平成の終りという節目もあって、50年前の1968年前後のアートシーンを振り返ろうというものです。
短いスパンを扱っているにも拘らず14もの章が設けられています。
その内容は
「1968年の社会と文化」「美術界の1968」「1968年の現代美術」「環境芸術とインターメディア」「日本万国博覧会」「反博の動きと万博破壊共闘派」「トリック アンド ヴィジョン」「アンダーグラウンドの隆盛 演劇・舞踏・実験映画」「イラストレーションの氾濫」「漫画と芸術」「サイケデリックの季節」「プロヴォークの登場 」「もの派の台頭」「概念芸術の萌芽」
となっています。ひとつひとつは他でも紹介の機械があったものもありますが、こんなにまとめて出品されるのは初めてではないでしょうか?
このうち特に注目すべき展示のみを紹介したいと思います。
「社会と文化」などと言ってますが、ここの展示は反米・反政府運動がほとんどです。
具体的には日米安保条約・成田空港建設・ベトナム戦争などです。
分けてはいますが次の章である「美術界の1968」「1968年の現代美術」も美大の反政府運動や赤瀬川原平の千円札裁判などを扱っているので、この延長線上です。
写真が最も多いですが、映像、絵画、雑誌、書籍などジャンルを横断してこの時代の政治運動を紹介する展示は大変レアで、見ごたえがありました。
やはりこのジャンルで活躍したのが赤瀬川原平です。「櫻画報」が有名ですが、それ以外にも反政府系書籍の装丁は多数こなしていたようです。
大学闘争といえば東大が有名ですが、実際には美大など全国津々浦々の大学が暴動を起こしていました。
安保闘争で印象的だったのがこちらの作品。「新宿ステーション、ステーション、ステーション・・・」と何度もラップ調に繰り返しながら、混雑する新宿駅の映像が高速で流れます。
あとは3億円事件関係の作品も多数出てました。
こちらは反米や反政府とは関係ないのですが、インパクトのせいか、色んな作品に取り込まれていました。

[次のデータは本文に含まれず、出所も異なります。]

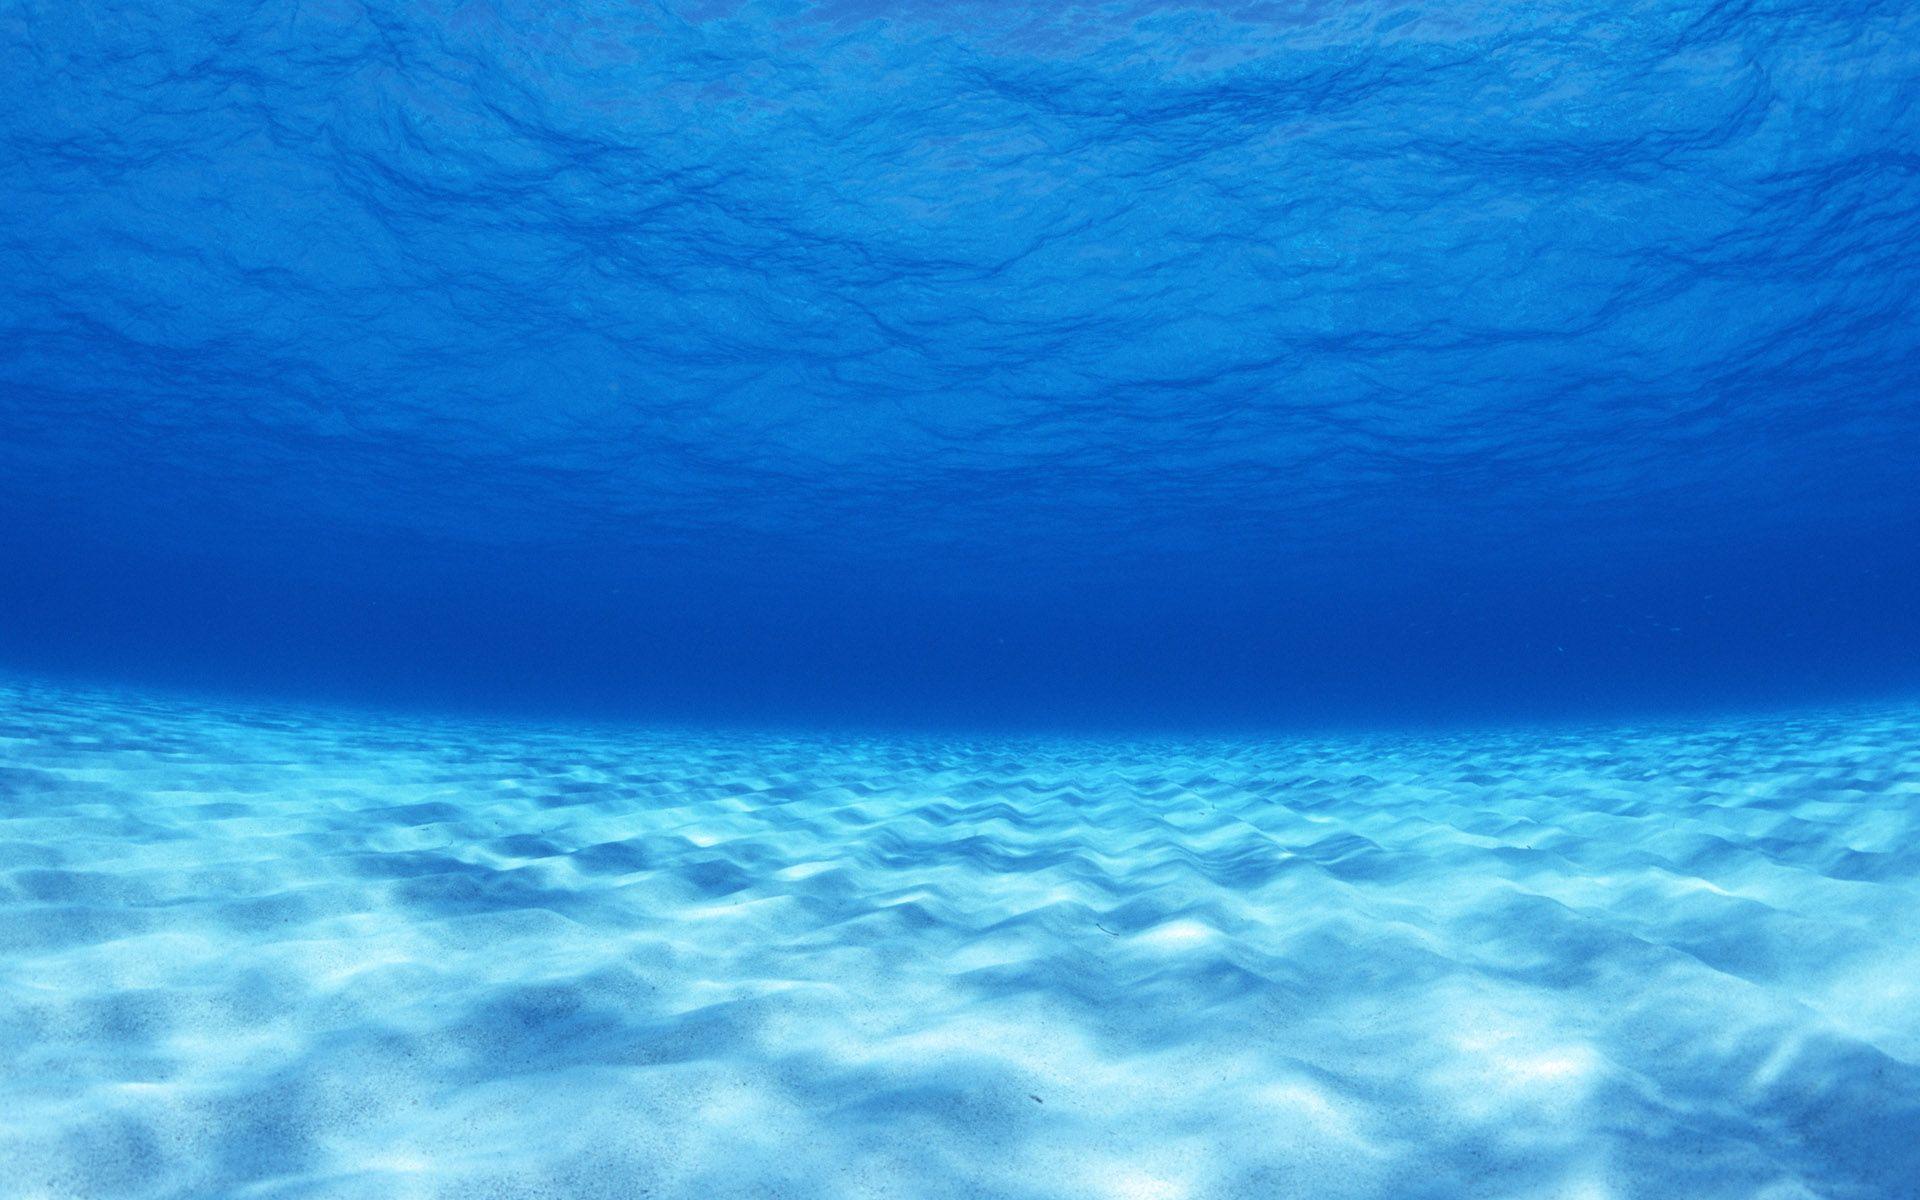 4K Ultra HD Underwater Wallpapers - Top Free 4K Ultra HD ...

木村恒久氏は在日米軍や環境問題についてのフォト・コラージュを多数発表。ちょっと見には面白い作品に過ぎませんが、当時の事件を取り込んで作成されています。
数は少ないですが、絵画も展示されています。時代そのものが政治性が濃かったことがよく分かります。
この時代はこれまで日陰者だった新しい表現が大手を振って次々に登場してきた時期でもありました。

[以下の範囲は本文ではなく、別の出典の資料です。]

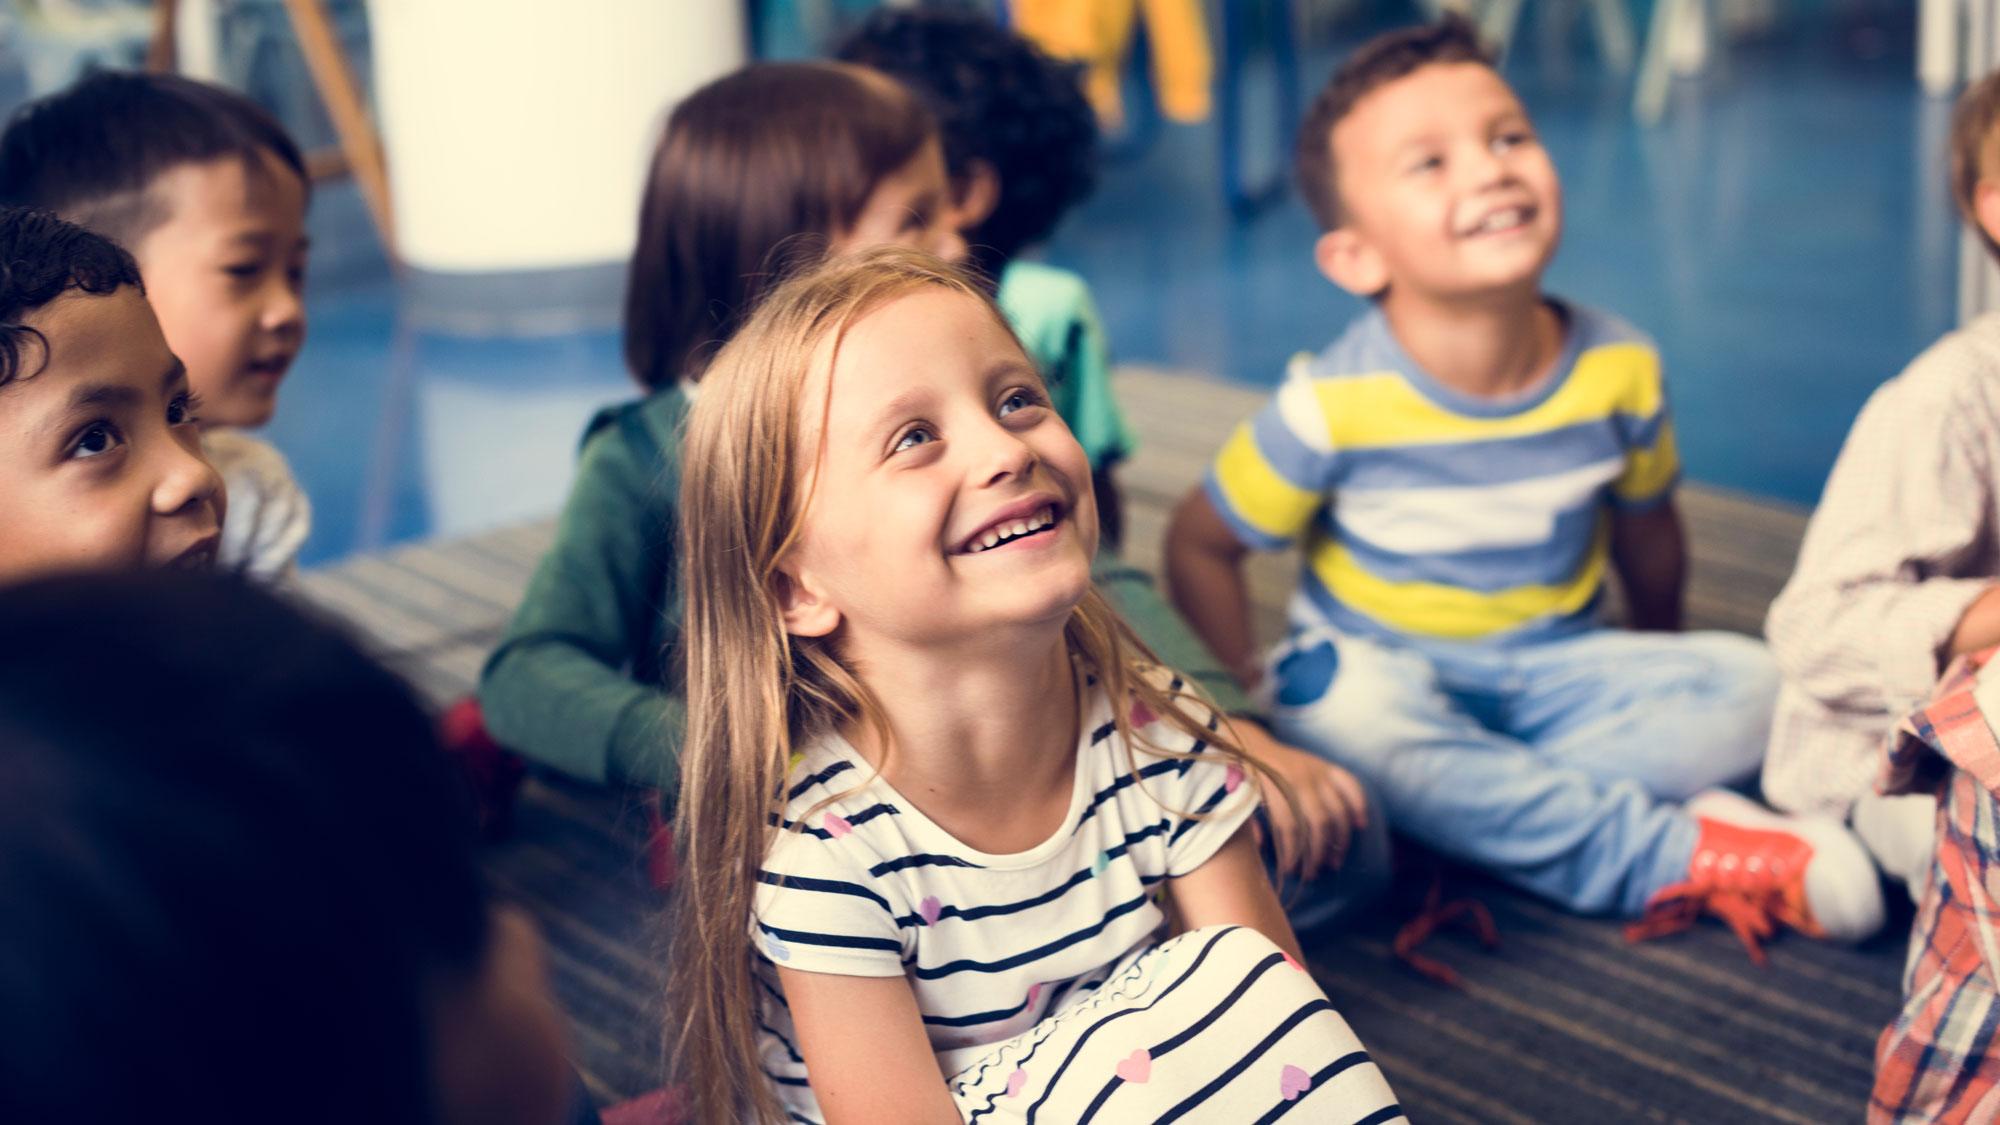 en samling skolbarn sitter på golvet. de lyssnar på sin lärare

美術館やデパートで前衛的な展覧会やシンポジウムが行われ、それに伴い、漫画、映画、演劇などもこれまでにない表現のものが多数登場しました。
現在も個展が開かれる著名な作家が多数登場します。
特に高松次郎氏は大型の作品が多数出品されていました。
この扉の作品は扉の表と裏、そしてその奥の青空(?)にもまったく同じ影が映っています。
難しいことは抜きにして影の面白さを表現した作品として優れています。
同時に扉の奥の水色も含めて、影を通して異次元に入り込んでいくような、SF的な表現が面白いです。

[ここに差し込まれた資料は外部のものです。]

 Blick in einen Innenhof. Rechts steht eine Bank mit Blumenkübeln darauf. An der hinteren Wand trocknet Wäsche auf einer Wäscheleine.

展示はこれらに加えて、70年代以降にさかんになる「もの派」や「概念芸術」にも触れています。
作品を作ることや、物質に頼らない体験や思索だけの作品へ向かっていく流れを実感できます。
大阪万博は1970年ですが、68年には既に万博の準備や議論が盛んに行われていました。
展覧会では万博と芸術家の関わりに注目。建物の上に仮設材と作業員とカラスのフィギュアを載せた横尾忠則や・・・
霧の彫刻を発表した中谷芙二子氏が紹介されています。
展覧会ではこれに並行して反博の動きも紹介。現在では万博賛成・参加派に対して彼らは知名度もなく、作品も残ってないことが多いのですが、両方の動きを同時に展示しているのは非常に珍しく、一見の価値があります。